Exercise directions
All of the data should be copied exactly, with the pictures left out.

Stored data
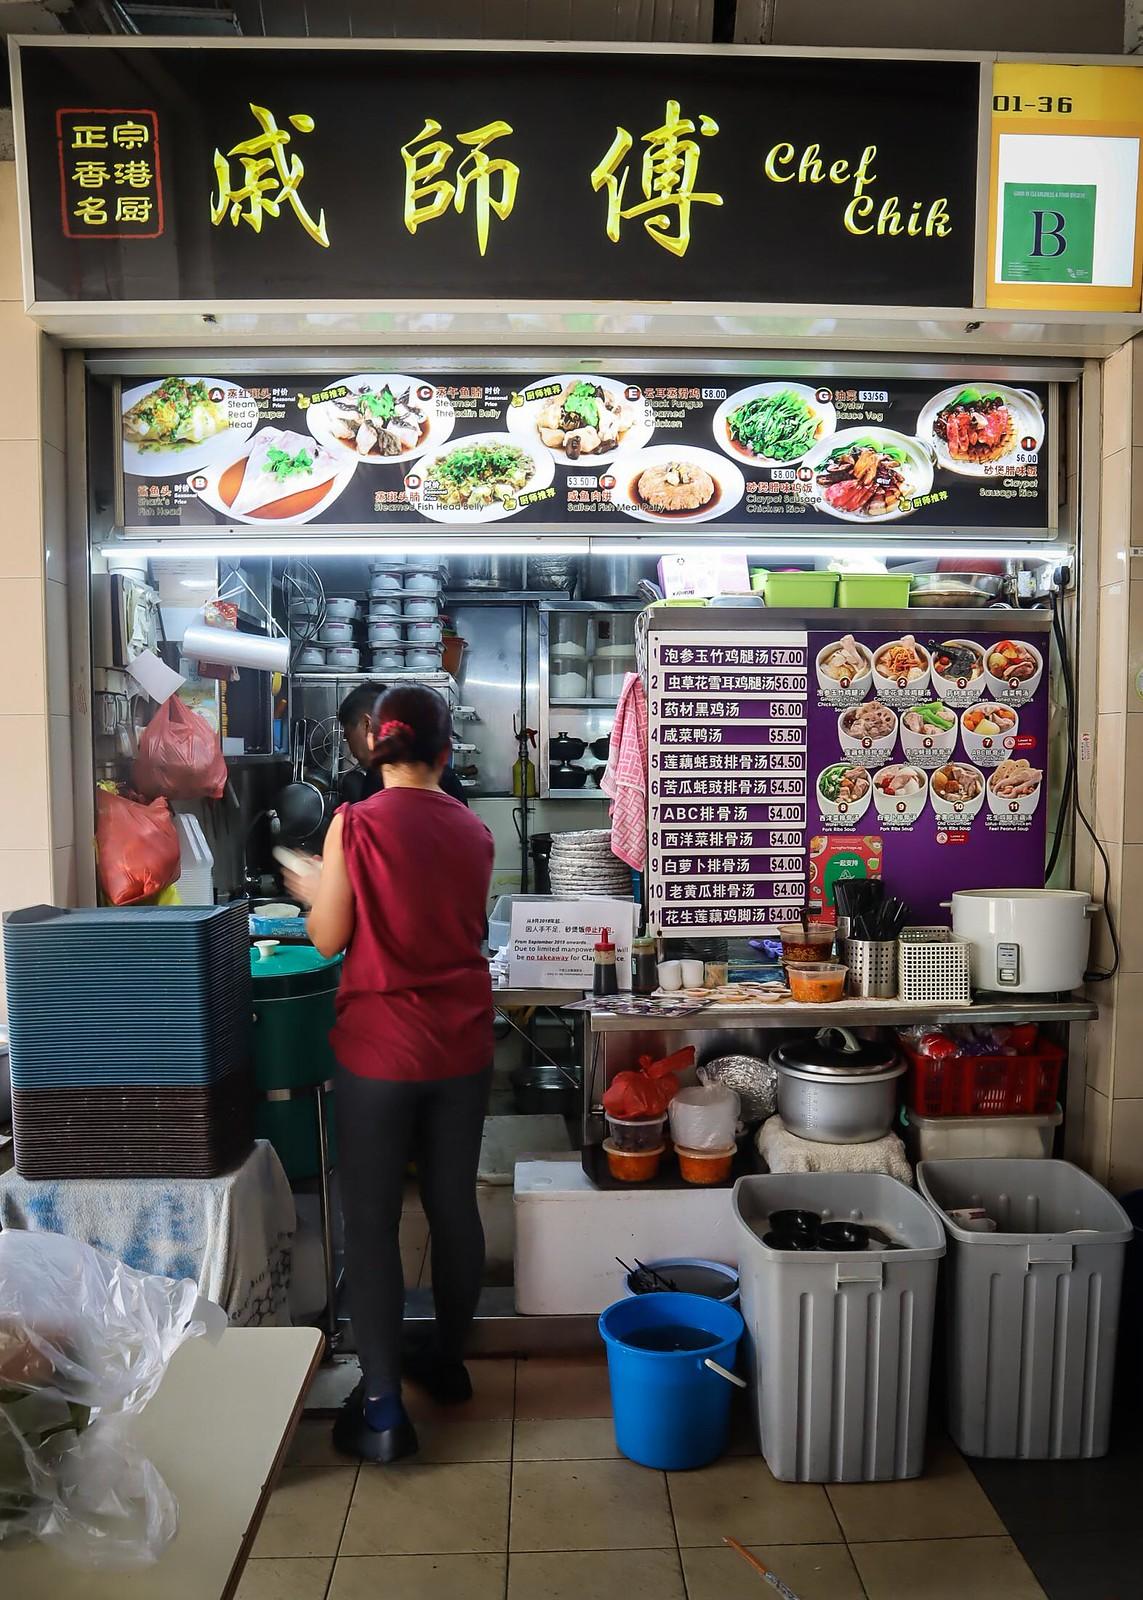 chef chik storefront portrait 2
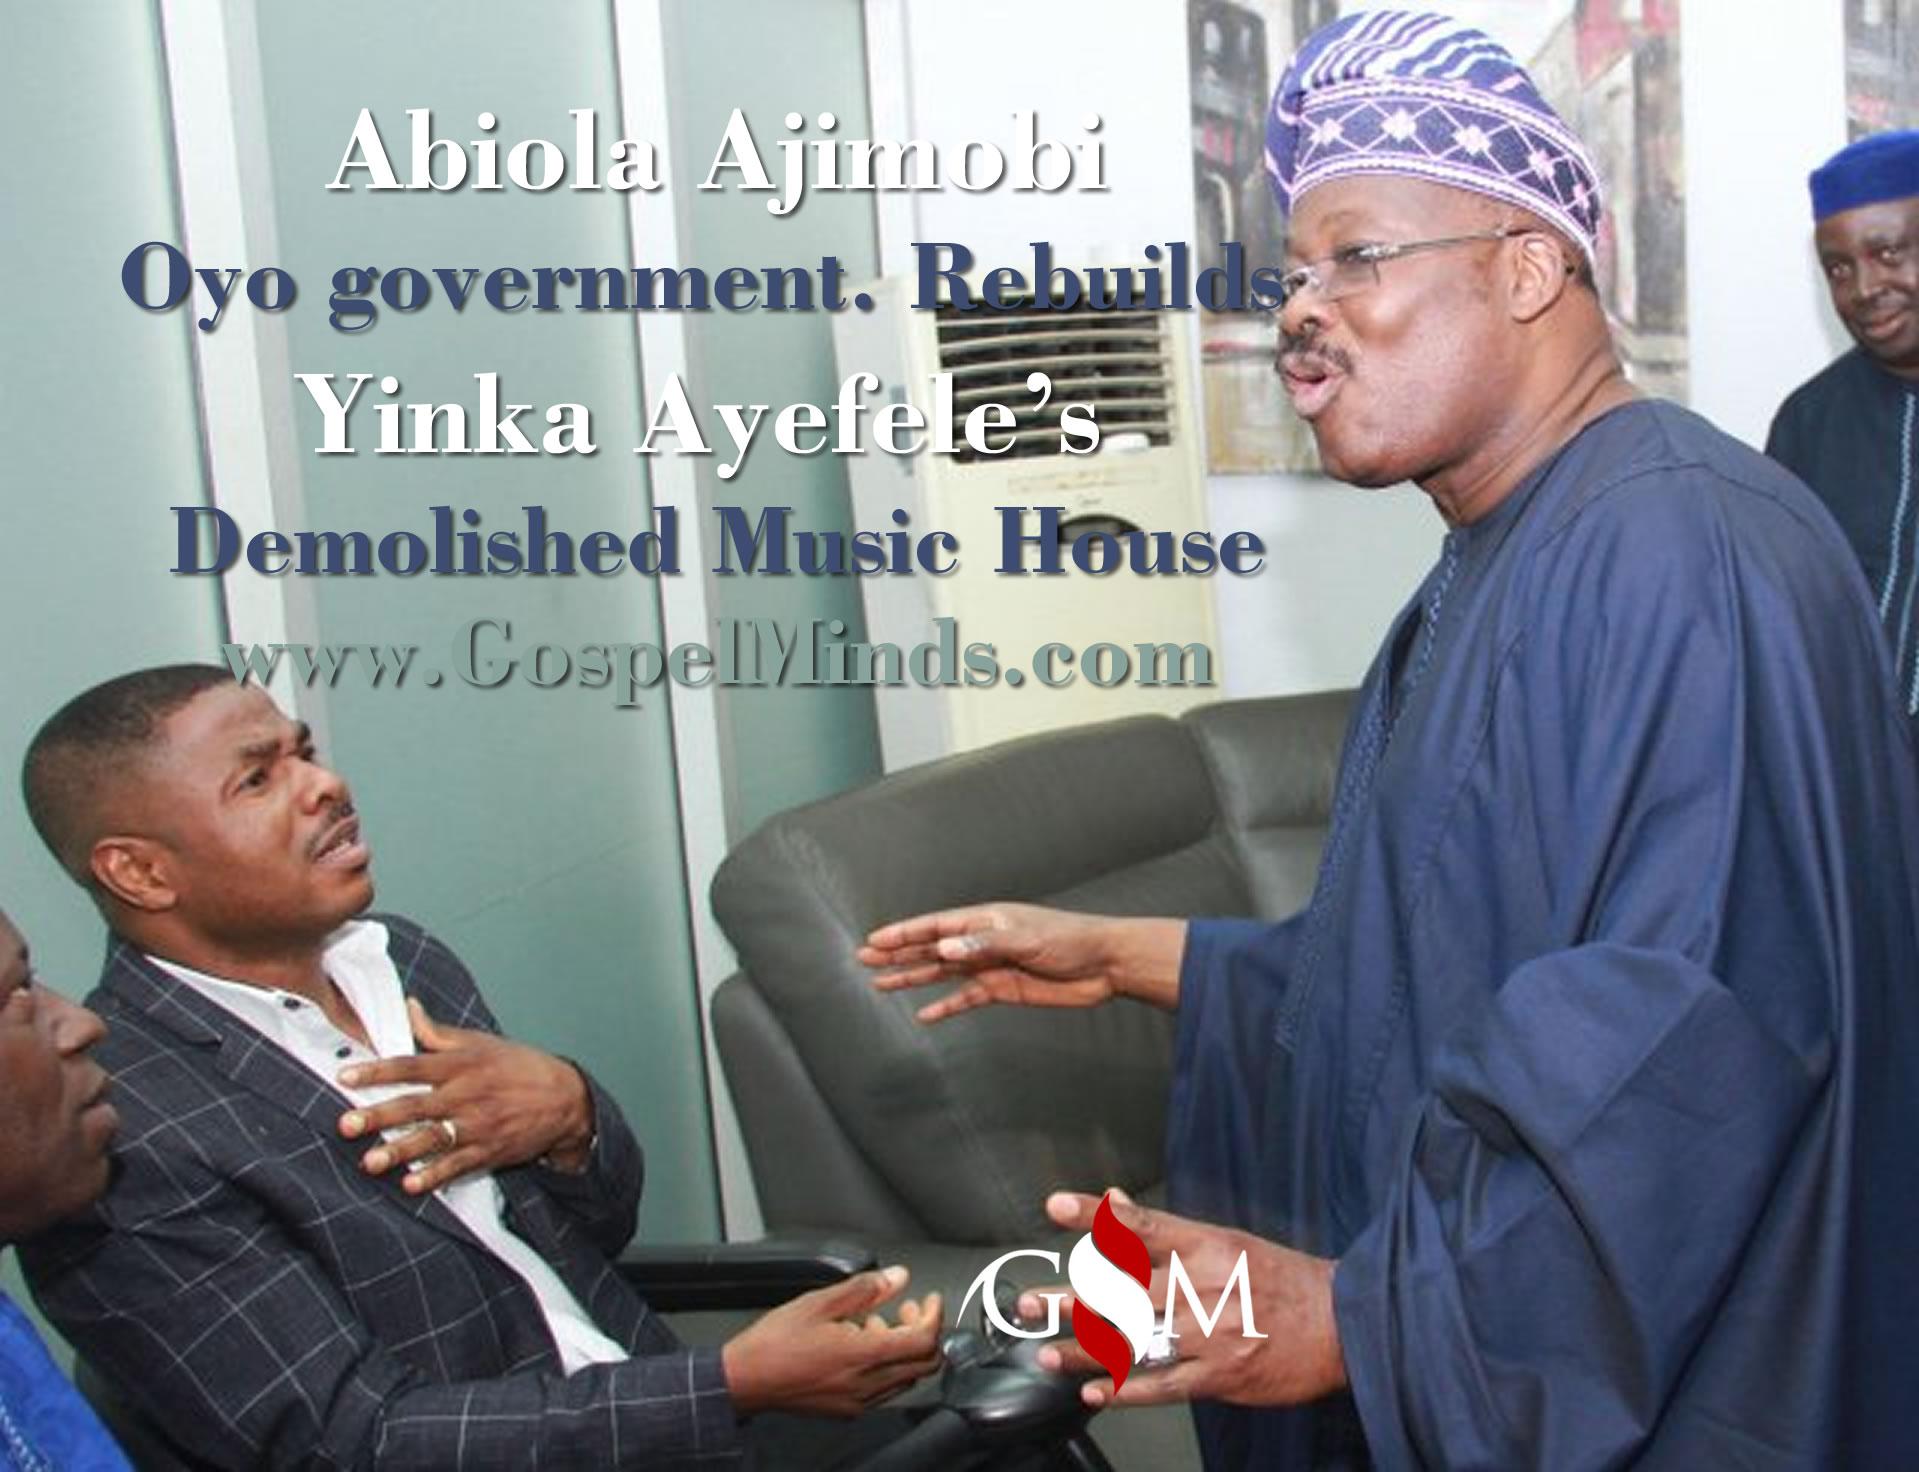 Abiola Ajimobi, Oyo Govt. Rebuilds Yinka Ayefele's demolished Music House
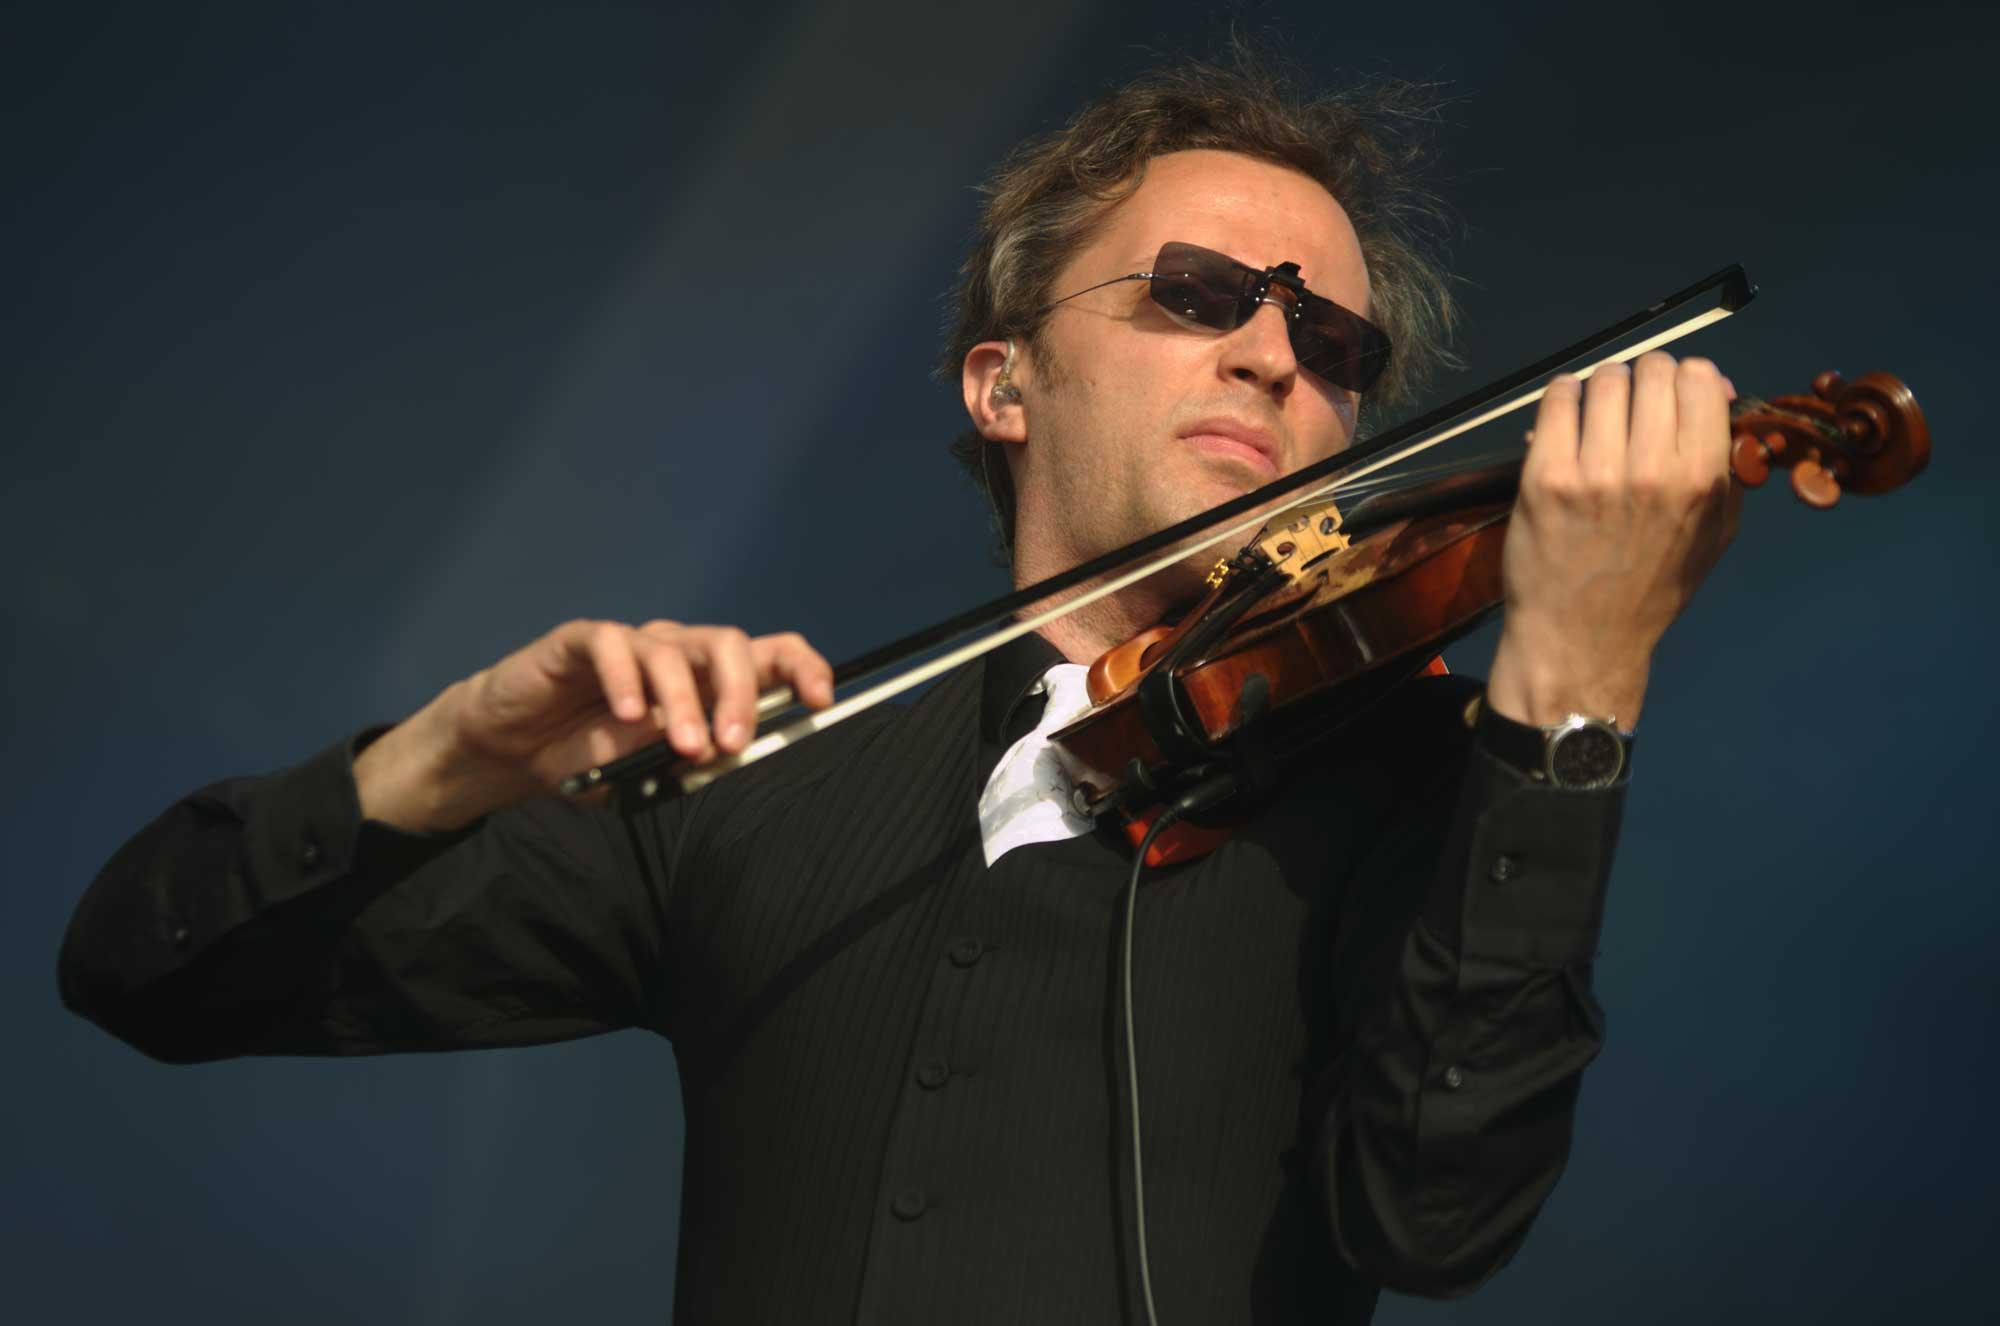 Vassil Lambrinov, violinista del grup Blaumut, actuant al Canet Rock 2016

Exercise solution
 chef chik storefront portrait 2
 Abiola Ajimobi, Oyo Govt. Rebuilds Yinka Ayefele's demolished Music House
 Vassil Lambrinov, violinista del grup Blaumut, actuant al Canet Rock 2016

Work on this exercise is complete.